I HAVE WINDOWS 7 WITH MS WORD 2007 V12


----------



## AlbertMC2 (Jul 15, 2010)

*Re: MS WORD - HOW DO I SEPARATE WORDS THAT ARE JOINED*

Hi

Are all words that are joined :
(small letters)(1 capital letter)(small letters)
Eg: (design)(F)(eautured)


----------



## speaking (Aug 28, 2011)

*Re: MS WORD - HOW DO I SEPARATE WORDS THAT ARE JOINED*

thanks for replying,

yes, all joined words appear to have the first word in lower case and the start of the second starts in upper case.

i am using a web harvester program to mine the data from websites i have agreements from for dropshipping products, but as the suppliers cannot provide a csv file, i have to mine the information, and unfortunately the program seems to ignore the bullet point markers and joins the words instead.

any help would be appreciated.

i am a bit of a novice with word, so if there are any scripts, formats or macros, please treat me as a learner and offer as much step by step as possible

regards
mark


----------



## AlbertMC2 (Jul 15, 2010)

*Re: MS WORD - HOW DO I SEPARATE WORDS THAT ARE JOINED*

Hi

You can try Find/Replace:

Find: *(*)([A-Z])(*)*
Replace with: *\1. \2\3*
Then select Replace All
(note there is a space between *\1.* and *\2\3*)

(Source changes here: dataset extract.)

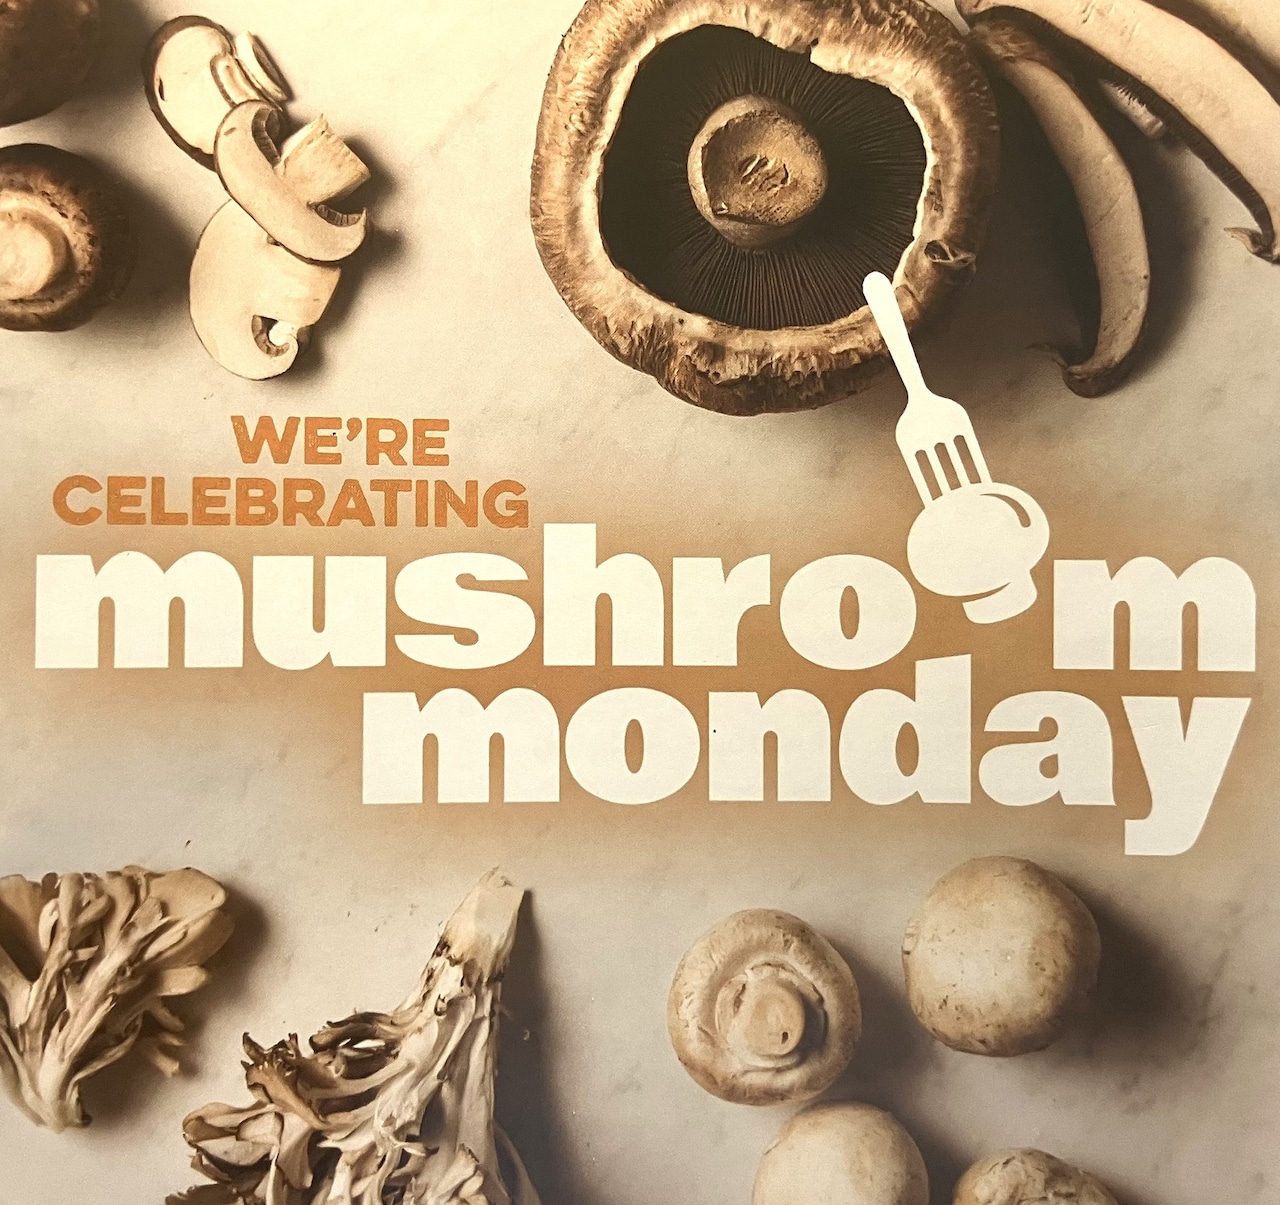 Mushroom Monday under way in NE Ohio restaurants in July [Video]

Note that if you do the find/replace twice it will create a double full stop between sentences.


----------



## speaking (Aug 28, 2011)

*Re: MS WORD - HOW DO I SEPARATE WORDS THAT ARE JOINED*

that was almost right. it does separate the two joined words and placed a full stop followed by a space between them as i was askin g for, but it has created some rogue'**' characters aswell.

i could probably work around this by replaceing all the ** with nothing to clear them.

but can you see what the formala is doing wrong for me please.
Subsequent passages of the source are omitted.